Sequence data processing
Sequence data were quality filtered, trimmed, error-corrected, merged, and had chimeras removed using the DADA2 pipeline (Callahan et al. 2016), see full code in accompanying Dryad and Zenodo repository. This generated a table of actual sequence variants (ASVs) present across each sample. Sequence variants detected in the negative controls were removed from the dataset using Decontam (Davis et al. 2018), resulting in the removal of 8 fungal ASVs, 3 pollen ASVs and 14 bacterial ASVs. Taxonomic annotation was performed using the UNITE database (v7.2) for ITS sequences (Nilsson et al. 2019), BEExact v2023.01.30 and SILVA v138.1 for 16S sequences, and plant database for rbcL sequences (Bell & Brosi 2016). Manual BLAST searches were performed for the most abundant 100 ASVs in each dataset when unannotated at the family level, or when 16S databases did not match, and updated when BLAST searches indicated high confidence annotations.

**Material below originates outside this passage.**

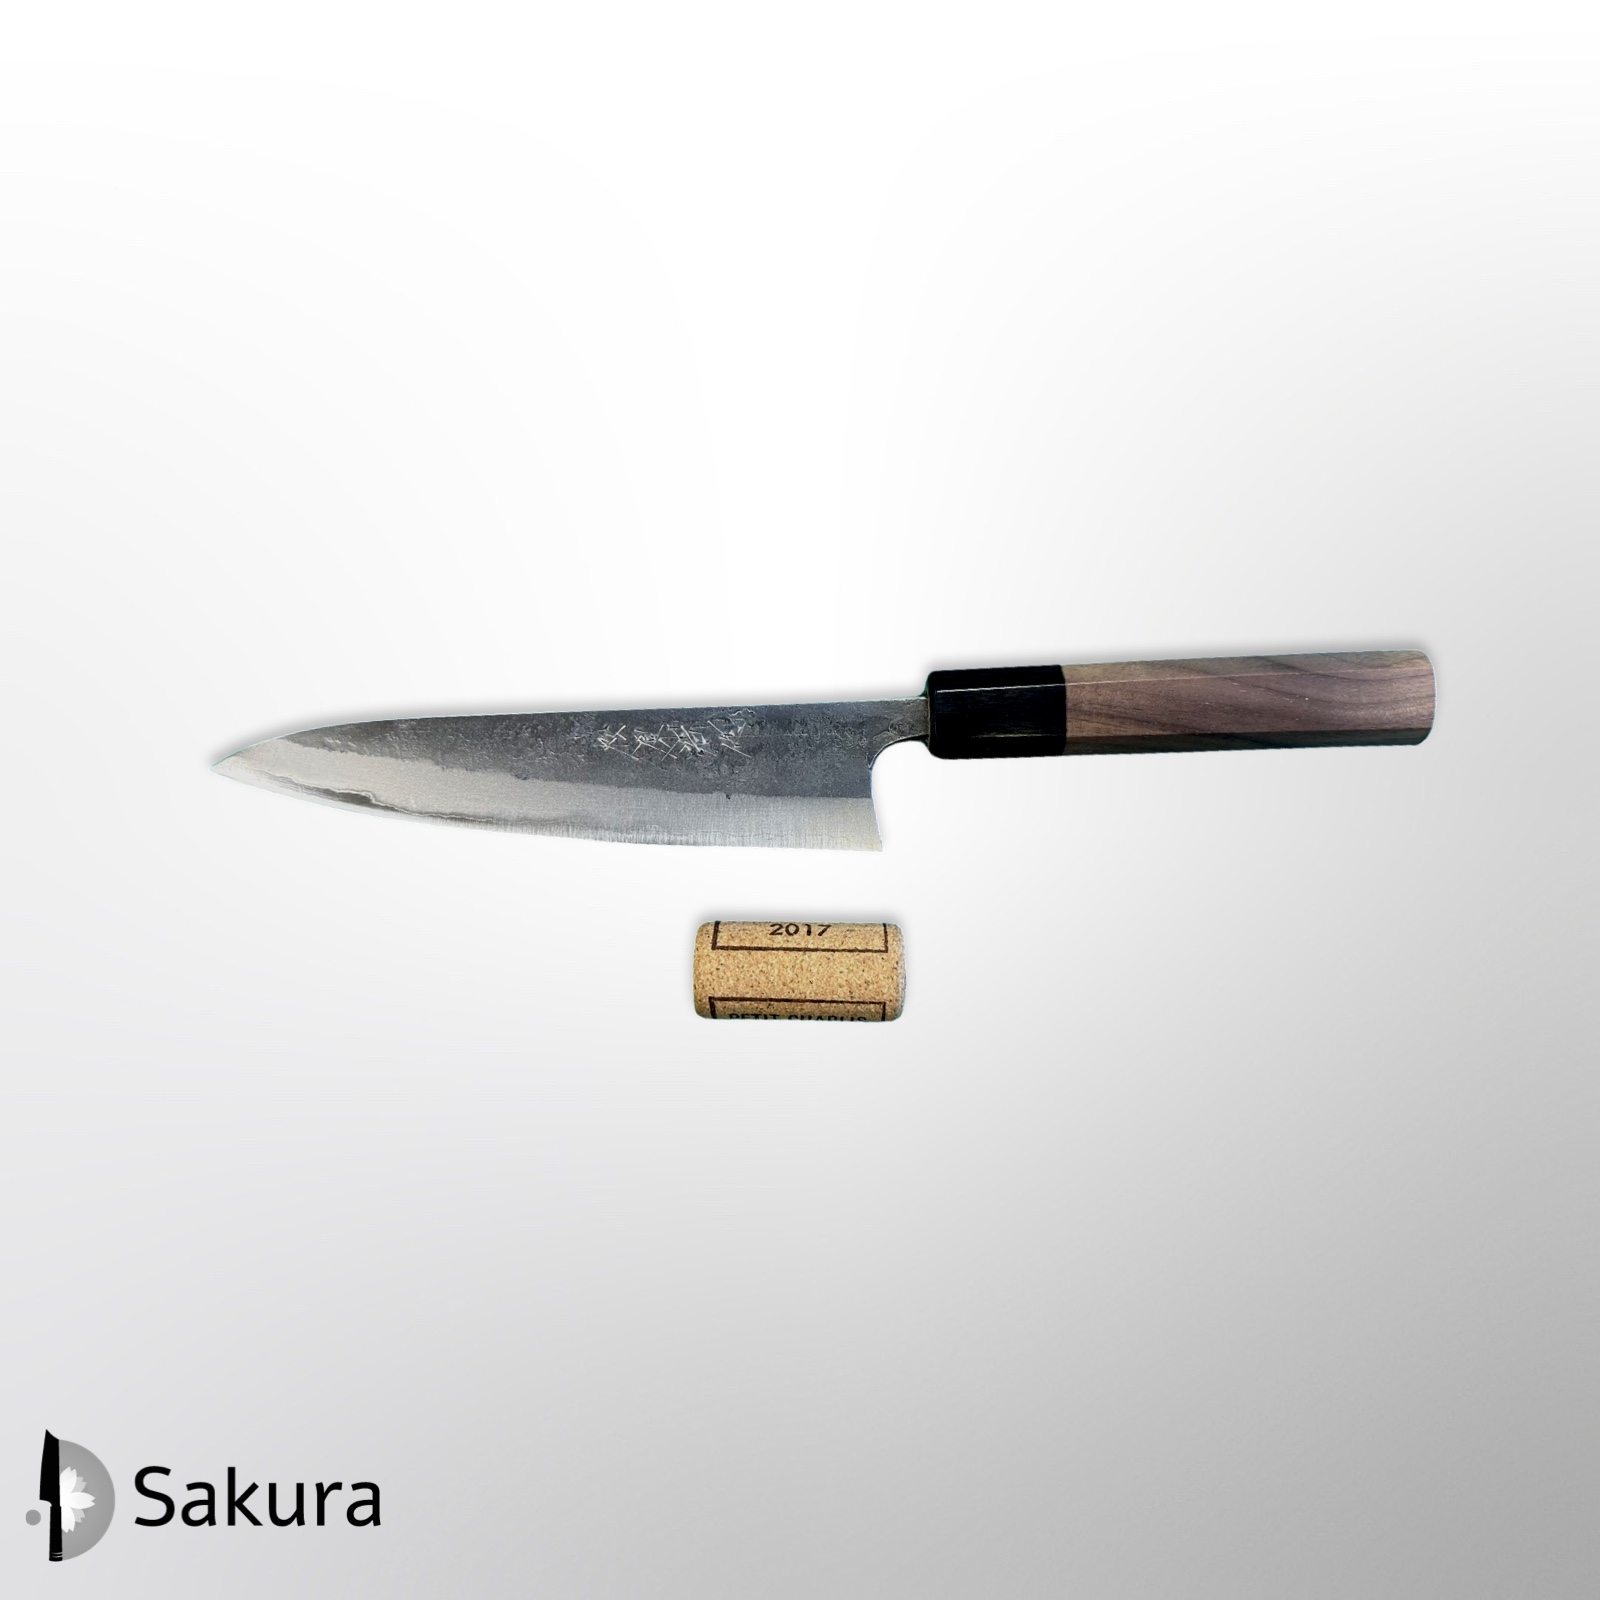 סכין עזר קטנה פטי 150מ״מ פלדת פחמן פחמן אוגמי #2 גימור נשיג׳י ידית מסורתית עץ אגוז מתומנת מאצוברה יפן [SKMATSTKKNBP1502442]

Data wrangling was performed using Phyloseq (McMurdie & Holmes 2013). All ASVs that were not assigned to an appropriate kingdom based on the sequencing region (e.g. fungi for ITS) and a phylum within that kingdom were filtered out; reads assigned as mitochondria or chloroplast were also filtered out from ITS and 16S datasets. Following sequence curation, species accumulation curves were examined to ensure saturation (Figure S1), with samples dropped below a minimum of 500 reads for pollen (mean = 25,110, 2 samples dropped), 450 reads/sample for fungi (mean=11,564, none dropped), and 500 for bacteria (mean=6,570; 20 samples dropped).